- _Given information_:

"""

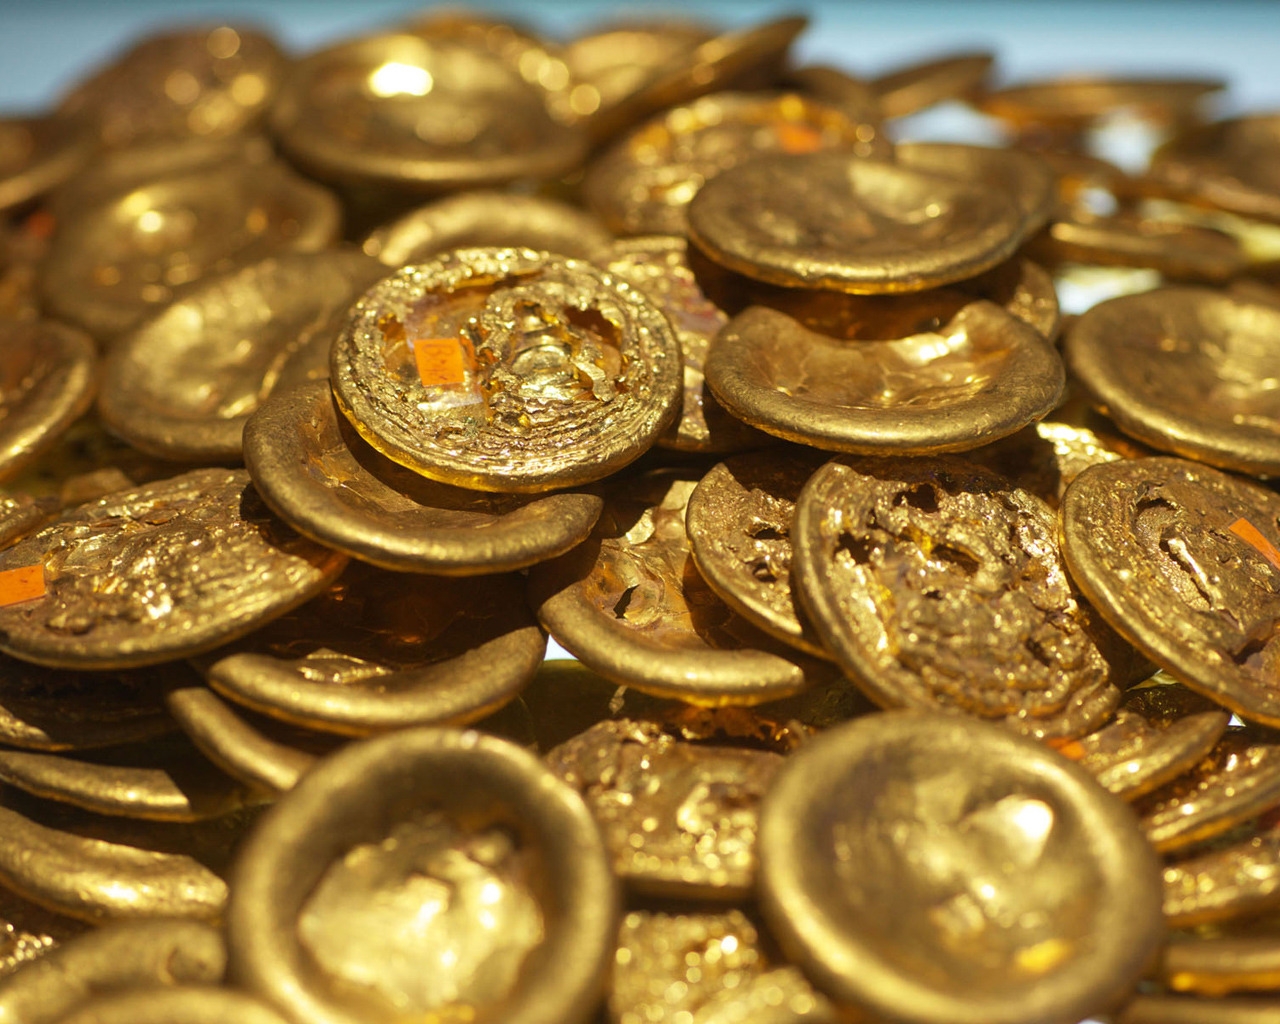 Old Chinese Gold Coins for 1280 x 1024 resolution
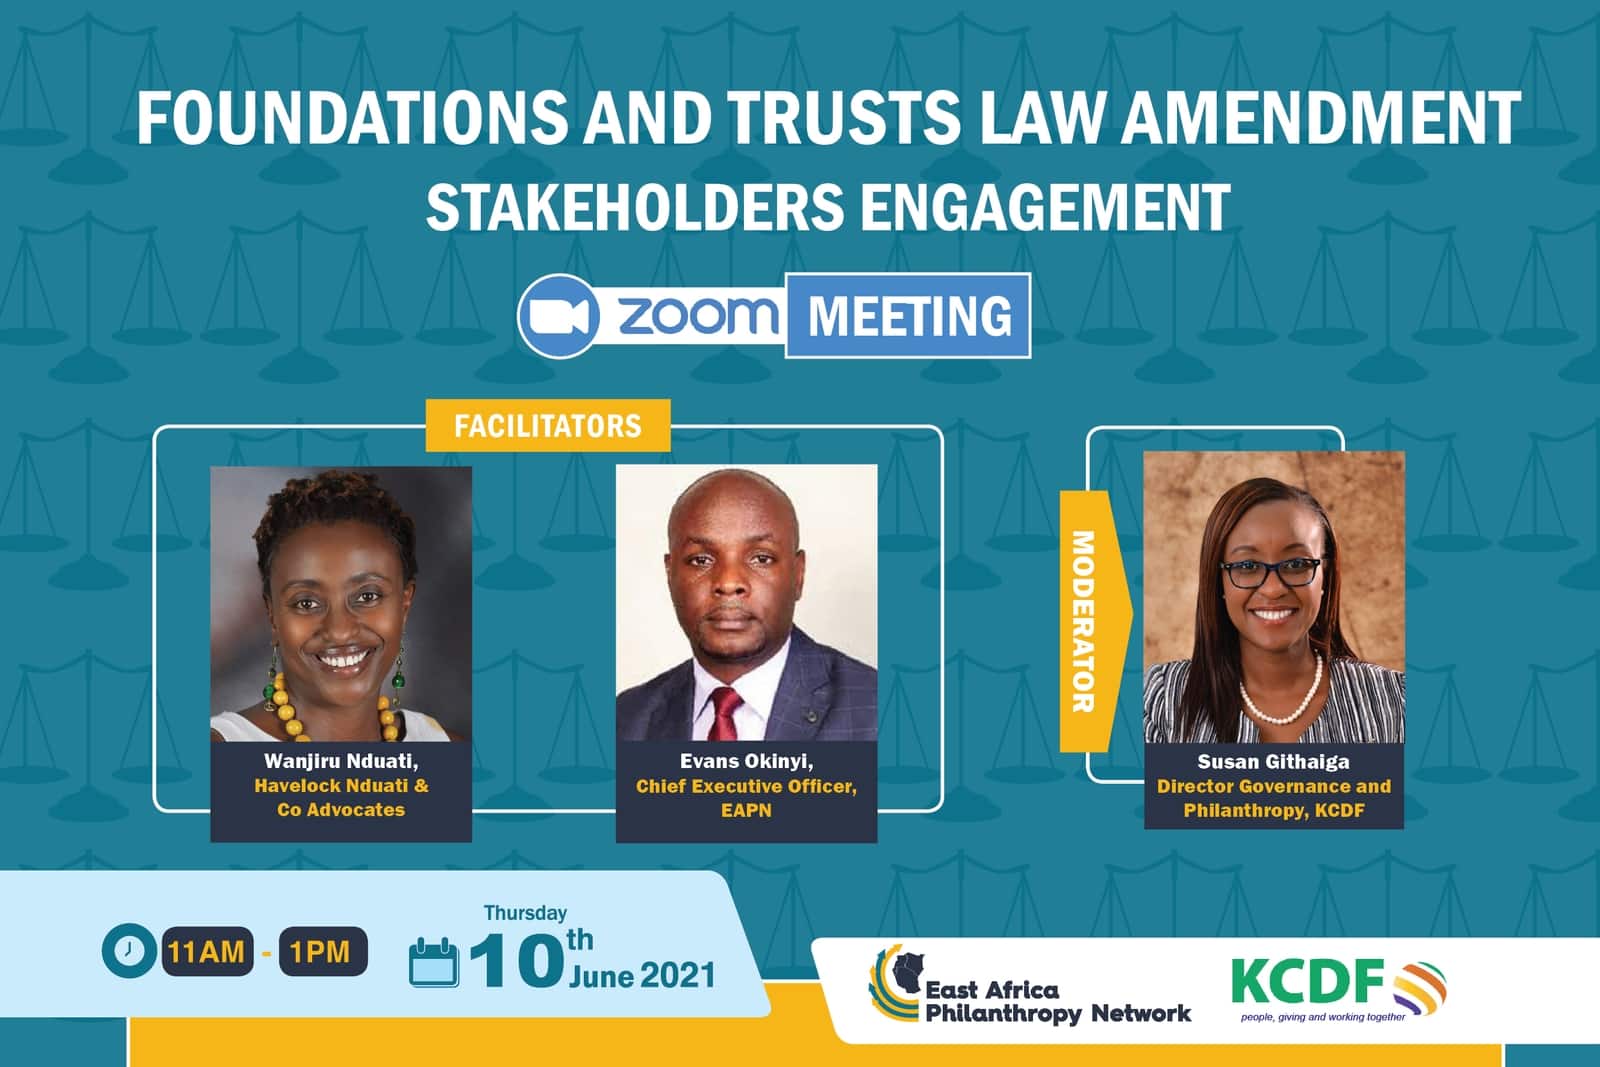 Foundations and Trusts Law Amendment Stakeholders Engagement
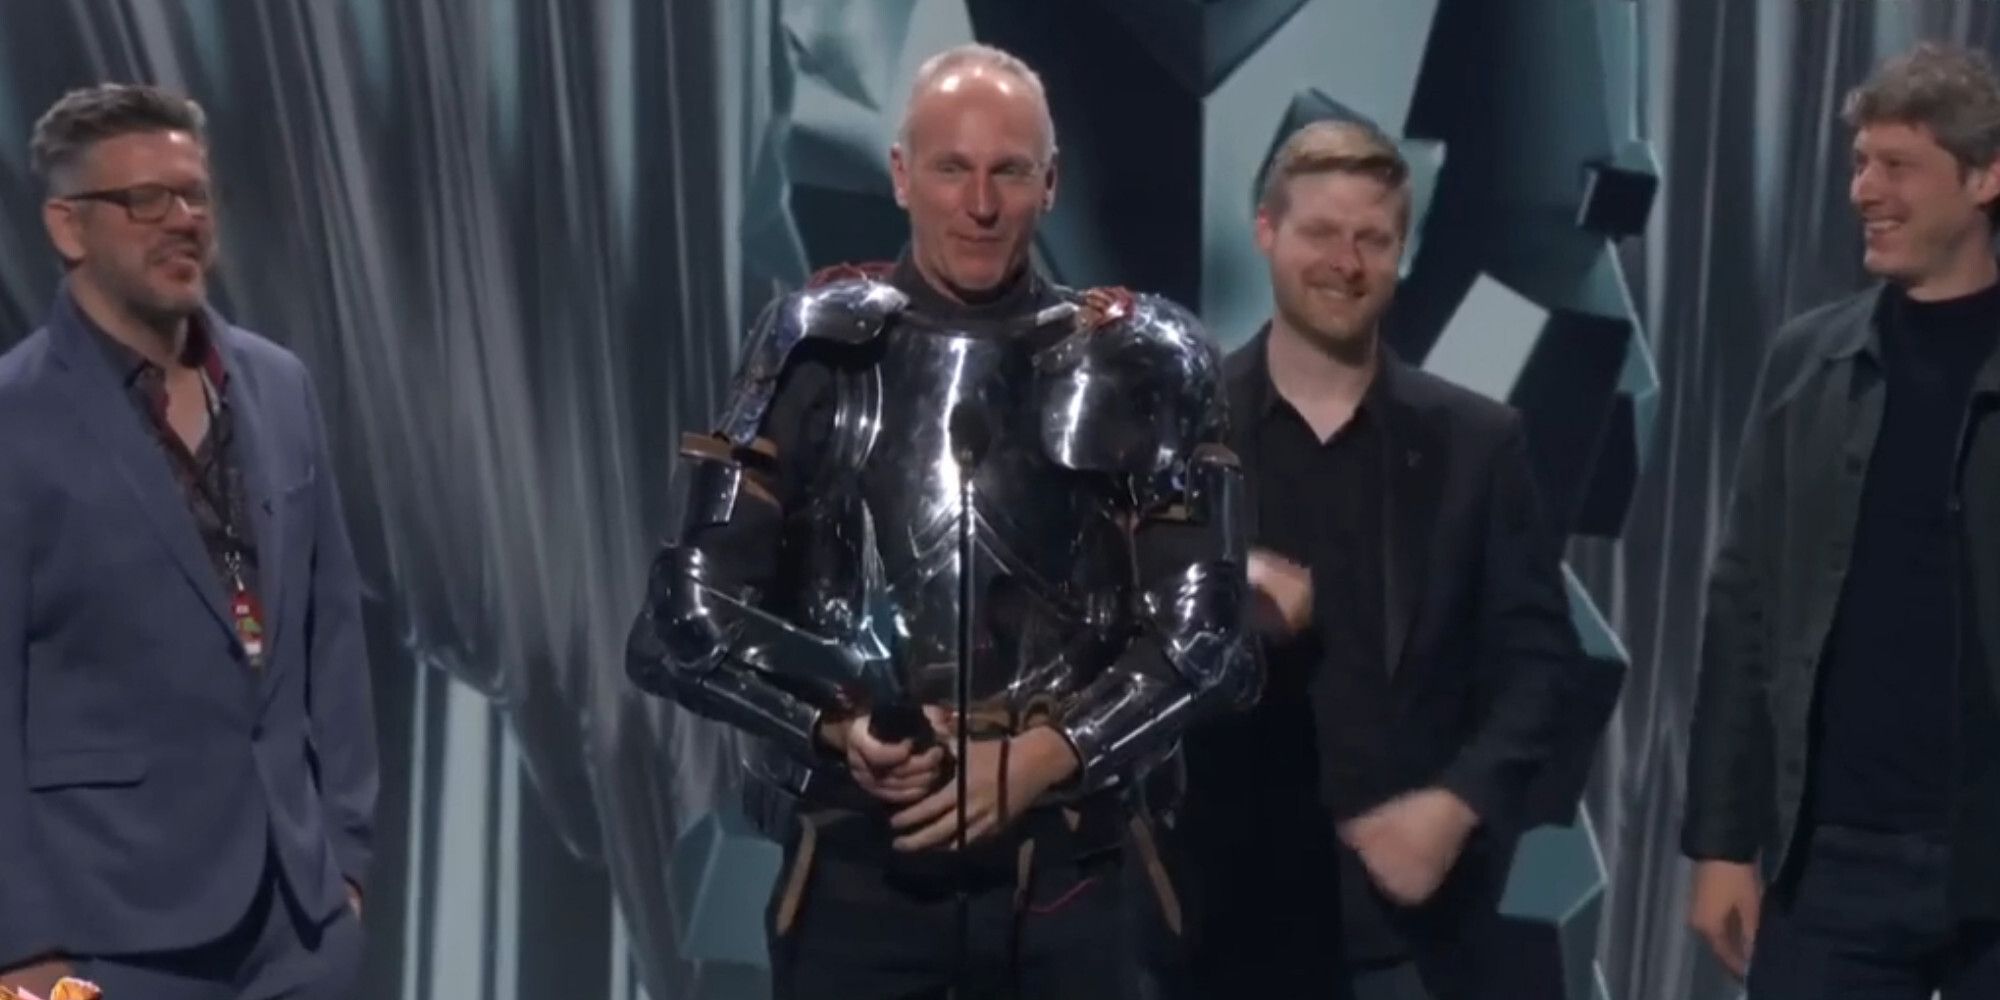 Geoff Keighley agrees that The Game Awards winners were played off too  quickly, but says no one was actually cut off

"""

- _Exercise goal_:
Omit the pictures, then give all the lines above again exactly.

- _Result_:
 Old Chinese Gold Coins for 1280 x 1024 resolution
 Foundations and Trusts Law Amendment Stakeholders Engagement
 Geoff Keighley agrees that The Game Awards winners were played off too  quickly, but says no one was actually cut off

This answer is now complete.